Kubernetes 1.14：主要创新概述

今夜 发生 Kubernetes 的下一个版本 - 1.14。 根据我们博客的传统，我们正在讨论这个精彩的开源产品新版本的关键变化。

用于准备本材料的信息取自 Kubernetes 增强跟踪表, 变更日志-1.14 以及相关问题、拉取请求、Kubernetes 增强提案 (KEP)。

我们先从 SIG cluster-lifecycle 的重要介绍开始： 动态故障转移集群 Kubernetes（或更准确地说，自托管 HA 部署）现在 可以创造 使用熟悉的（在单节点集群的上下文中）命令 kubeadm (init и join）。 简而言之，为此：

• 集群使用的证书被转移为秘密；
• 可以在 K8s 集群内使用 etcd 集群（即摆脱之前存在的外部依赖） etcd 操作符;
• 记录提供容错配置的外部负载均衡器的建议设置（将来计划消除这种依赖性，但现阶段还没有）。

使用 kubeadm 创建的 Kubernetes HA 集群的架构

实施细节可以参见 设计方案。 这个功能确实是期待已久的：alpha 版本预计会在 K8s 1.9 中出现，但现在才出现。

API

团队 apply 一般而言 声明式对象管理 通过了 из kubectl 在 api 服务器中。 开发商自己简短地解释了他们的决定： kubectl apply - 在 Kubernetes 中使用配置的基本部分，然而，“它充满了错误并且难以修复”，因此需要将该功能恢复正常并转移到控制平面。 当今存在的问题的简单明了的例子：

有关实施的详细信息位于 KEP。 目前的准备情况是 alpha（计划在下一个 Kubernetes 版本中升级到 beta）。

提供 alpha 版本 机会 使用 OpenAPI v3 方案 为 CustomResources 创建和发布 OpenAPI 文档 (CR) 用于验证（服务器端）K8s 用户定义资源（CustomResourceDefinition，CRD）。 为 CRD 发布 OpenAPI 允许客户端（例如 kubectl）在您这边执行验证（在 kubectl create и kubectl apply）并根据方案（kubectl explain）。 详细信息 - 在 KEP.

预先存在的日志 现已开放 与国旗 O_APPEND （而不是 O_TRUNC）以避免在某些情况下丢失日志，并方便使用外部实用程序截断日志以进行轮换。

同样在 Kubernetes API 的上下文中，可以注意到， PodSandbox и PodSandboxStatus 添加 场 runtime_handler 记录有关的信息 RuntimeClass 在 pod 中（在有关文本中了解更多信息） Kubernetes 1.12 版本，该类以 alpha 版本的形式出现），并在招生 Webhooks 中 实施的 能够确定哪些版本 AdmissionReview 他们支持。 最后，Admission Webhooks 规则现在是 可以被限制 命名空间和集群框架使用它们的范围。

库

PersistentLocalVolumes，自发布以来一直处于测试状态 K8s 1.10, 声明 stable（GA）：此功能门不再禁用，并将在 Kubernetes 1.17 中删除。

机会 使用名为的环境变量 向下API （例如，pod 名称）作为安装目录的名称 subPath，以新领域的形式开发 subPathExpr，现在用于确定所需的目录名称。 该功能最初出现在 Kubernetes 1.11 中，但在 1.14 中仍处于 alpha 版本状态。

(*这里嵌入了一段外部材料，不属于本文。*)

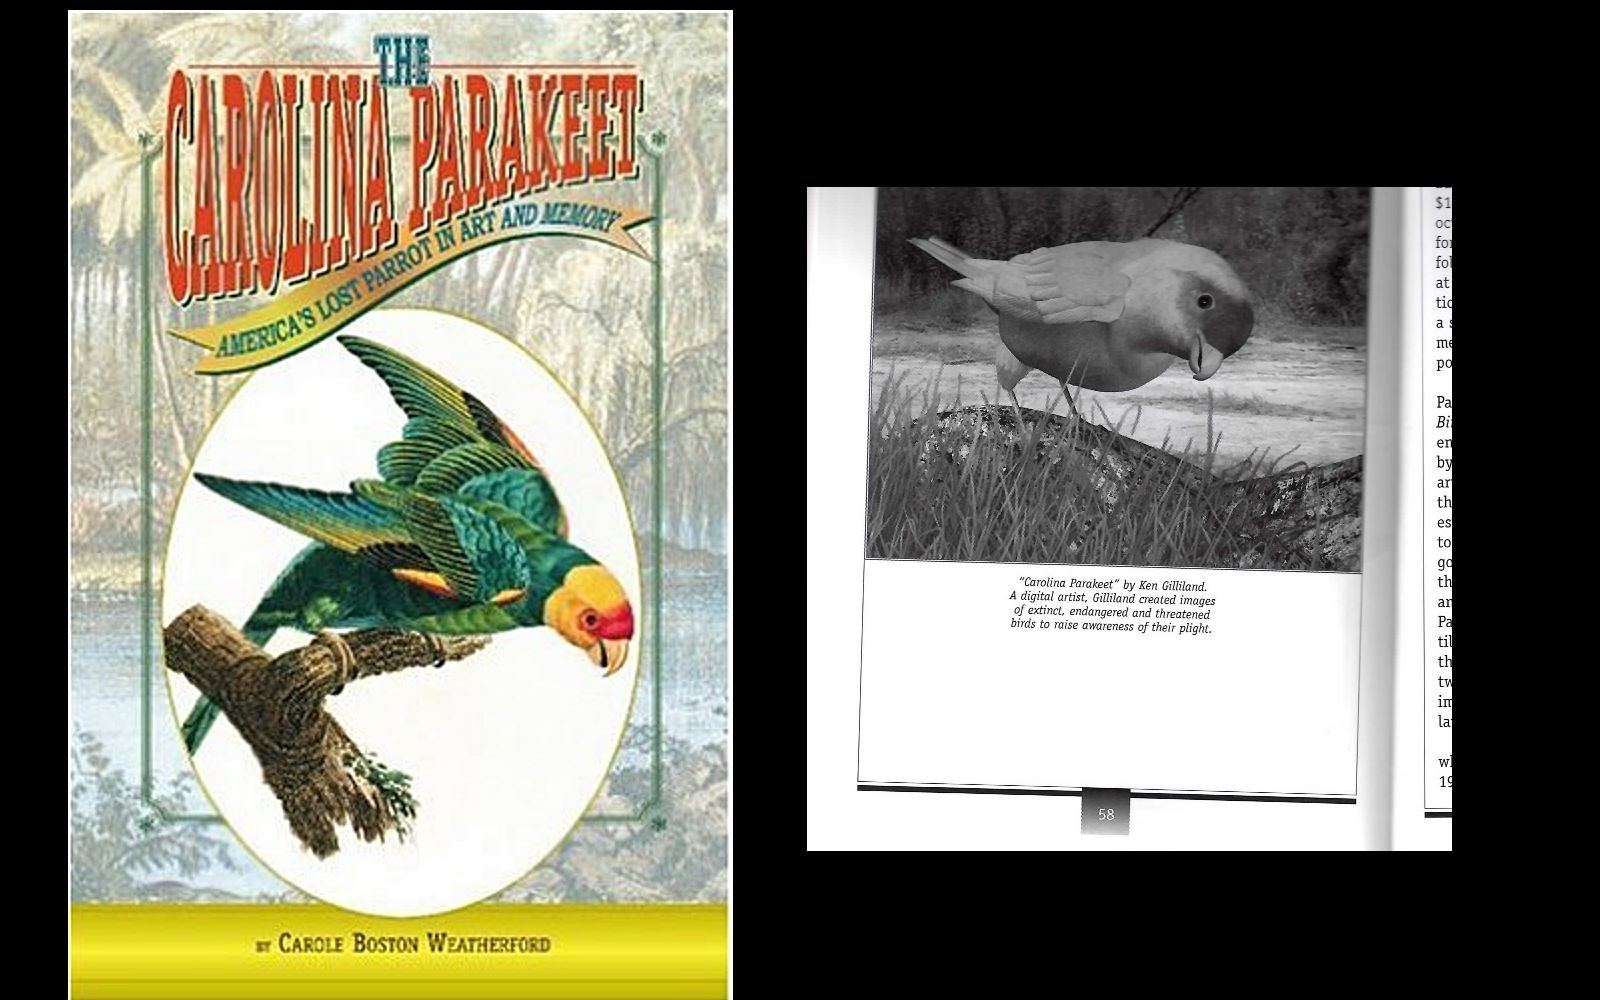 Songbird ReMix Carolina Parakeet was featured in 'The Carolina Parakeet' book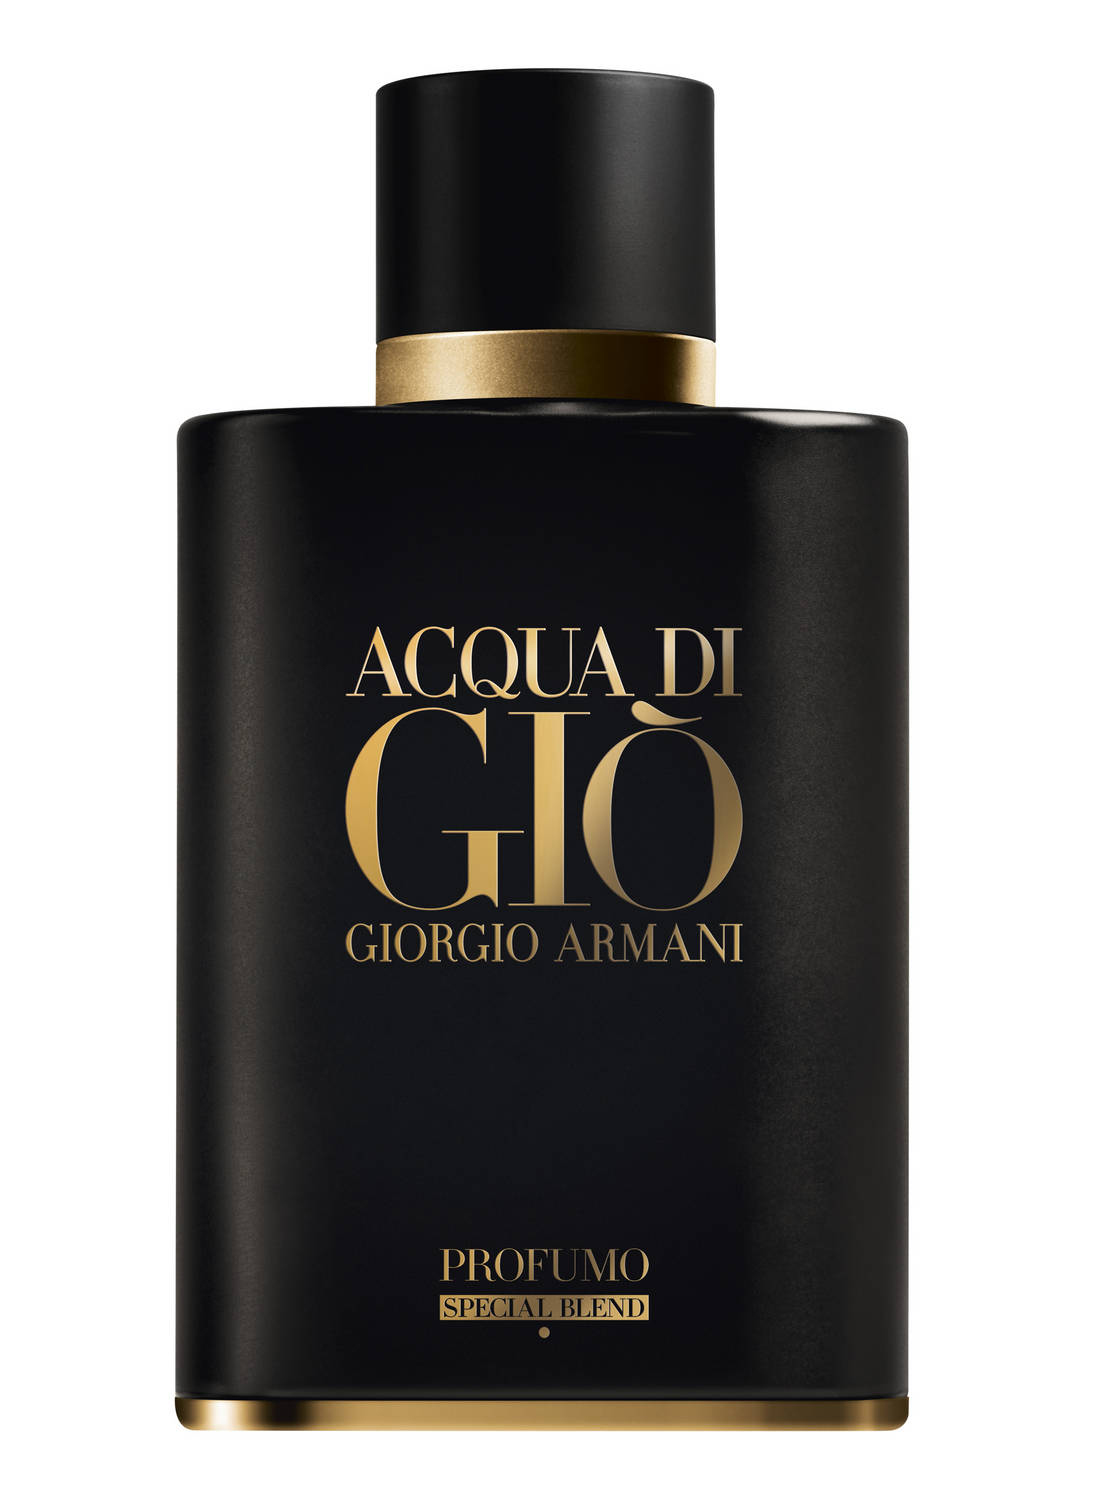 Acqua di Gio Profumo Special Blend Armani cologne a new

与之前的 Kubernetes 版本一样，针对积极开发的 CSI（容器存储接口）引入了许多重大更改：

CSI

可用（作为 alpha 版本的一部分） 支持 调整 CSI 卷的大小。 要使用它，您需要启用名为的功能门 ExpandCSIVolumes，以及特定 CSI 驱动程序中对此操作的支持。

alpha 版本中 CSI 的另一个功能 - 机会 直接引用（即不使用 PV/PVC）pod 规范中的 CSI 卷。 这 取消了使用 CSI 作为专用远程数据存储的限制，为他们打开通往世界的大门 局部临时卷。 用来 （文档中的示例) 必须启用 CSIInlineVolume 功能门。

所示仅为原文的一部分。